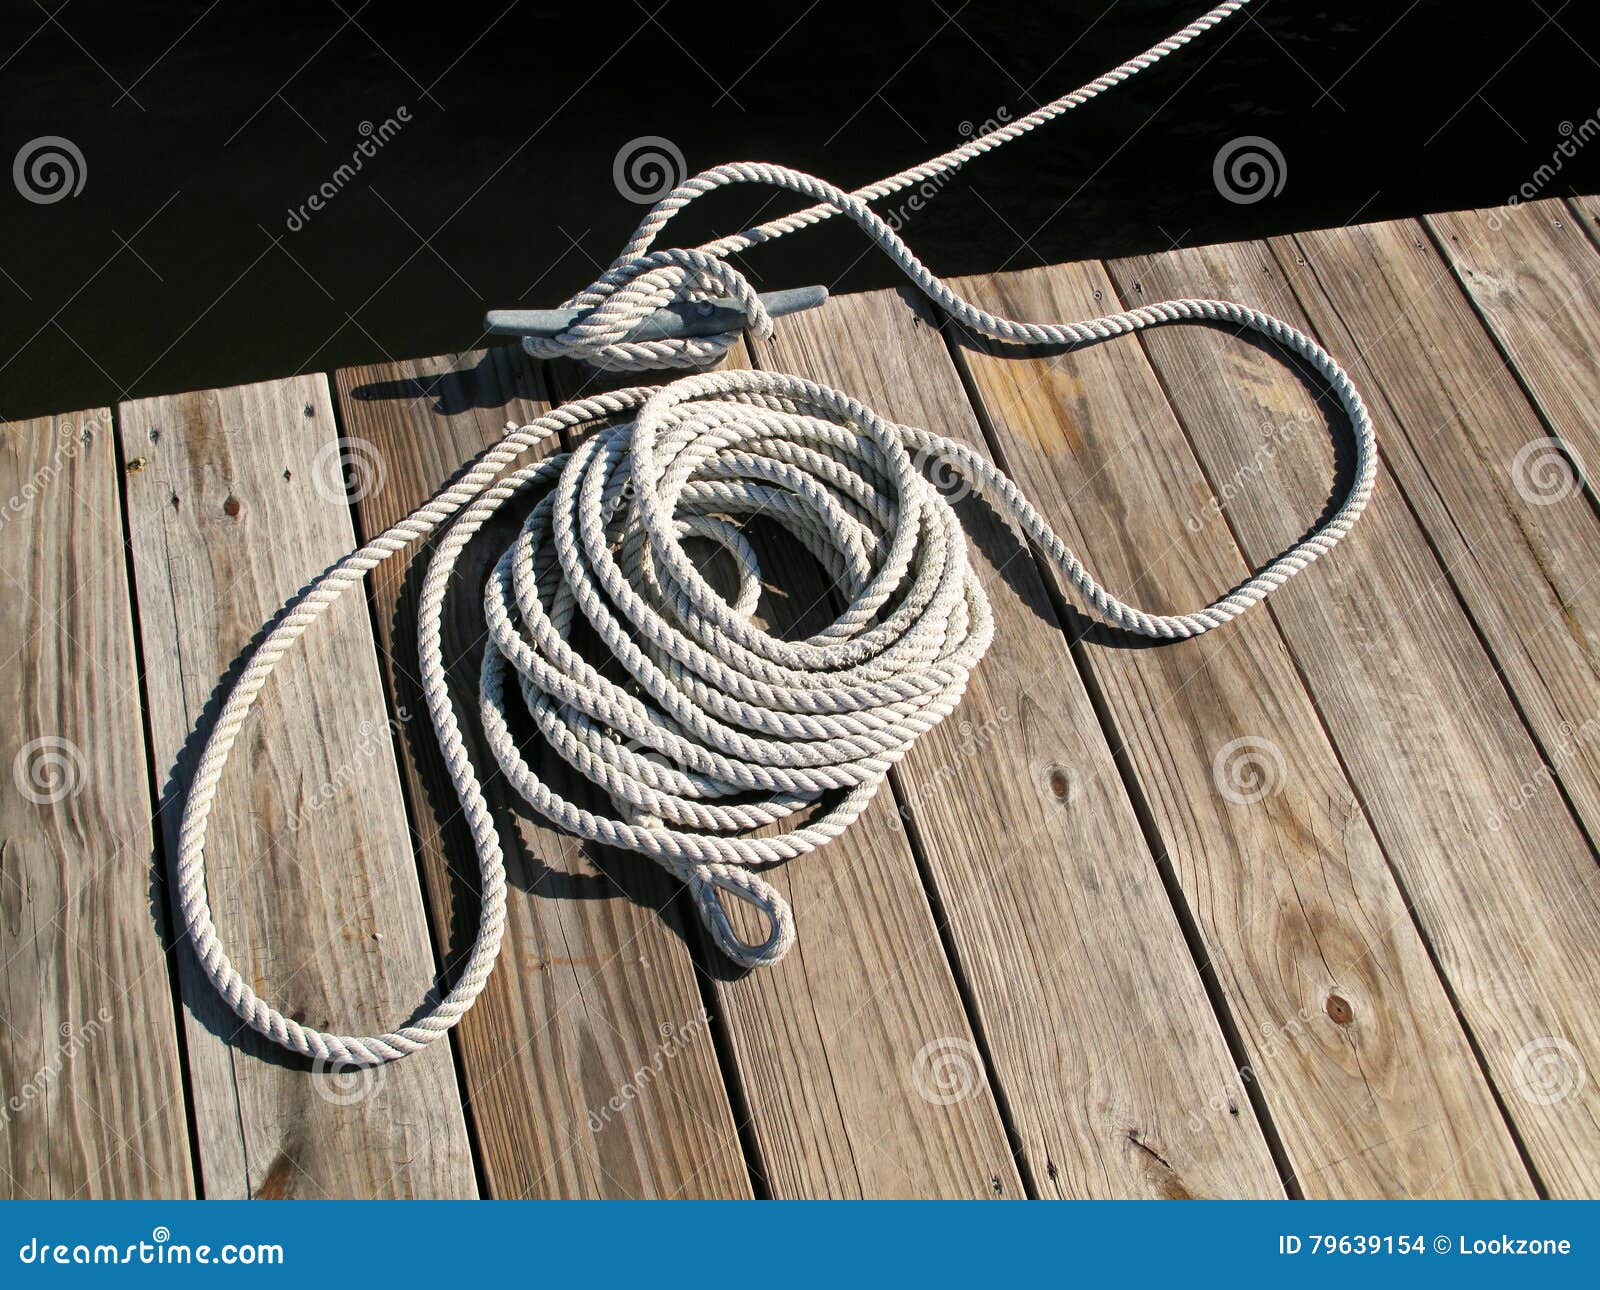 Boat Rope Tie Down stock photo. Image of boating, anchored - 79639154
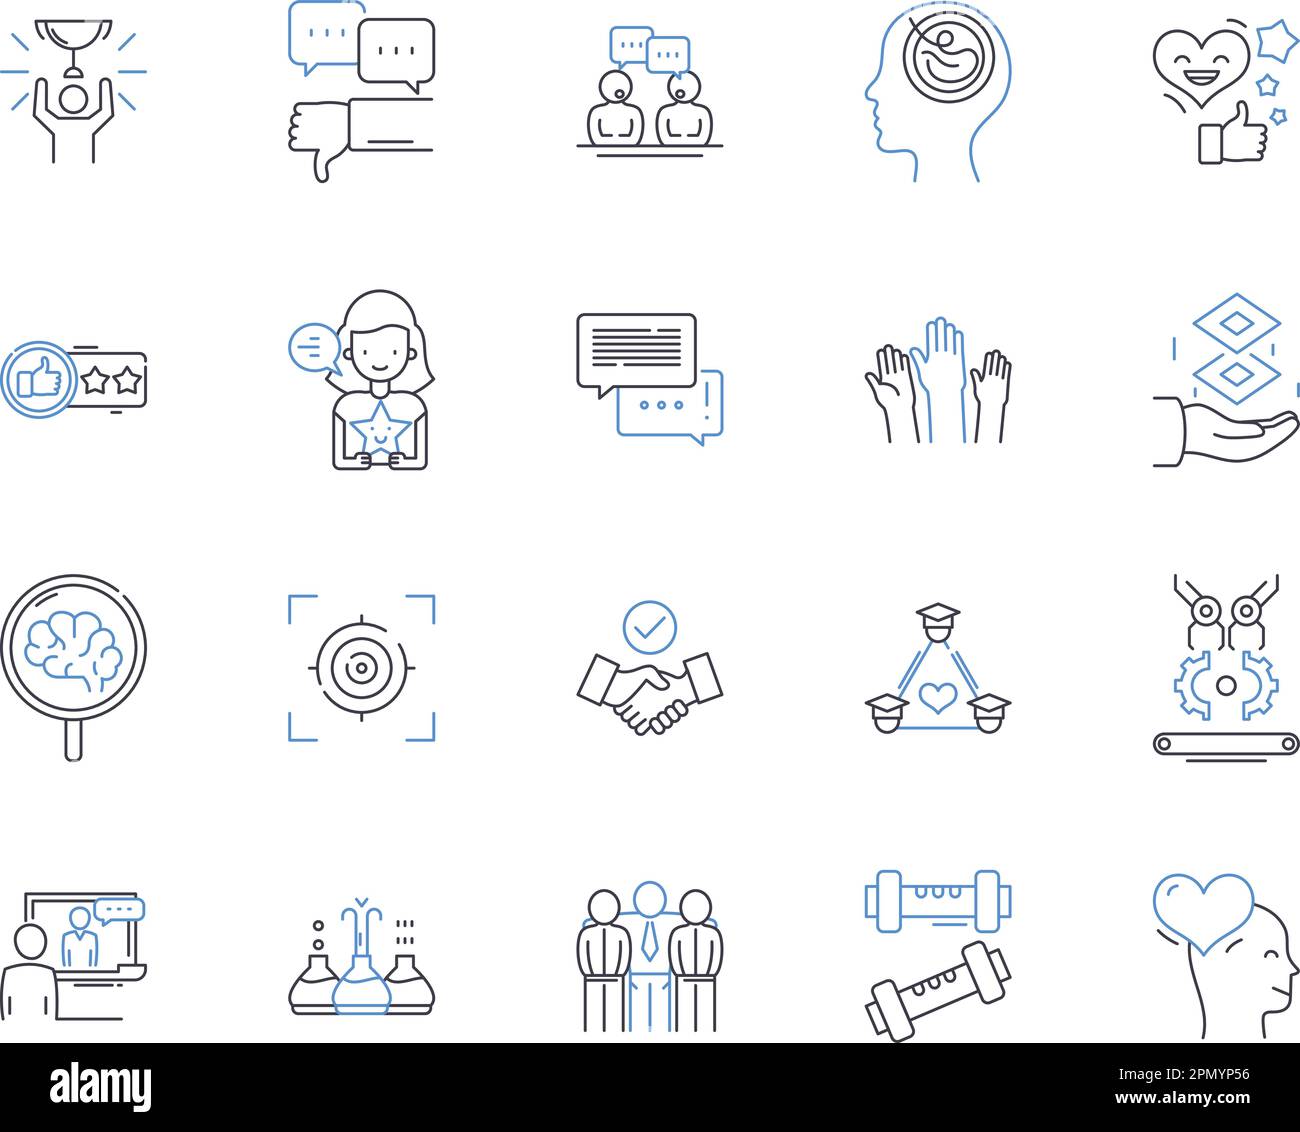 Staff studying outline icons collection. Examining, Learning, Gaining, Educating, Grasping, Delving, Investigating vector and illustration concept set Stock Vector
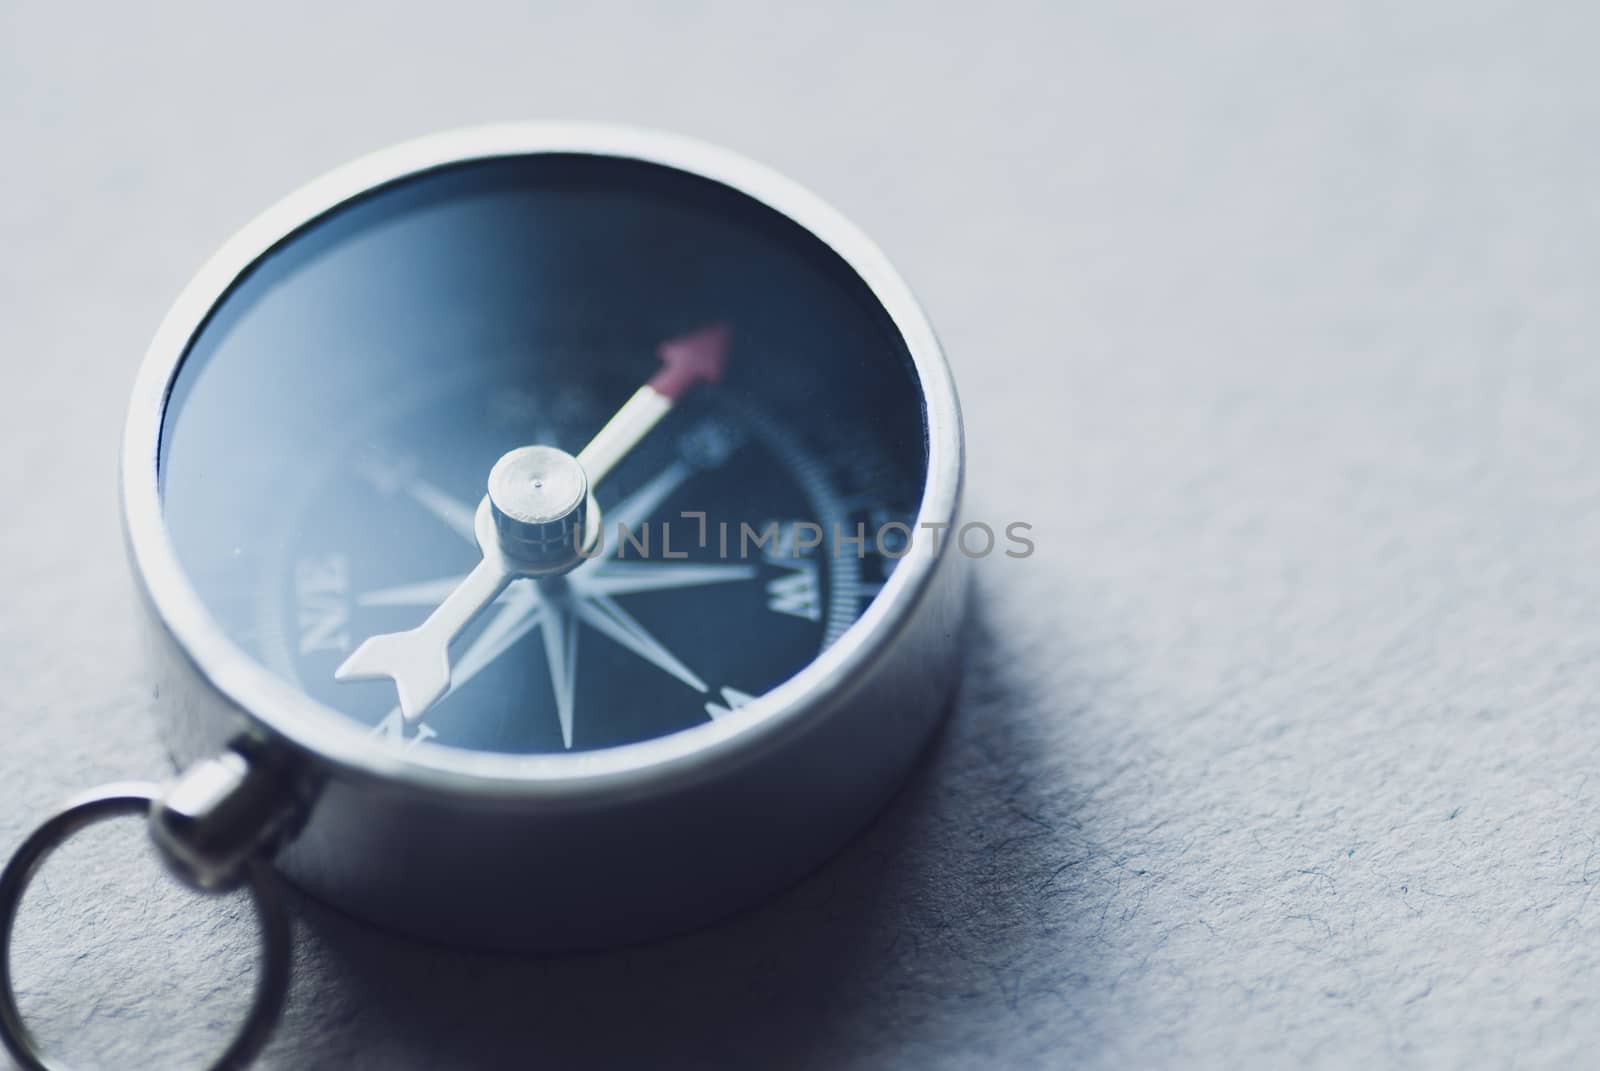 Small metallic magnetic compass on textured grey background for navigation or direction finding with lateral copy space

▬▬▬

» What is required: Please output the full listing above exactly, minus any pictures.

» Exercise result:
 Boat Rope Tie Down stock photo. Image of boating, anchored - 79639154
 Staff studying outline icons collection. Examining, Learning, Gaining, Educating, Grasping, Delving, Investigating vector and illustration concept set Stock Vector
 Small metallic magnetic compass on textured grey background for navigation or direction finding with lateral copy space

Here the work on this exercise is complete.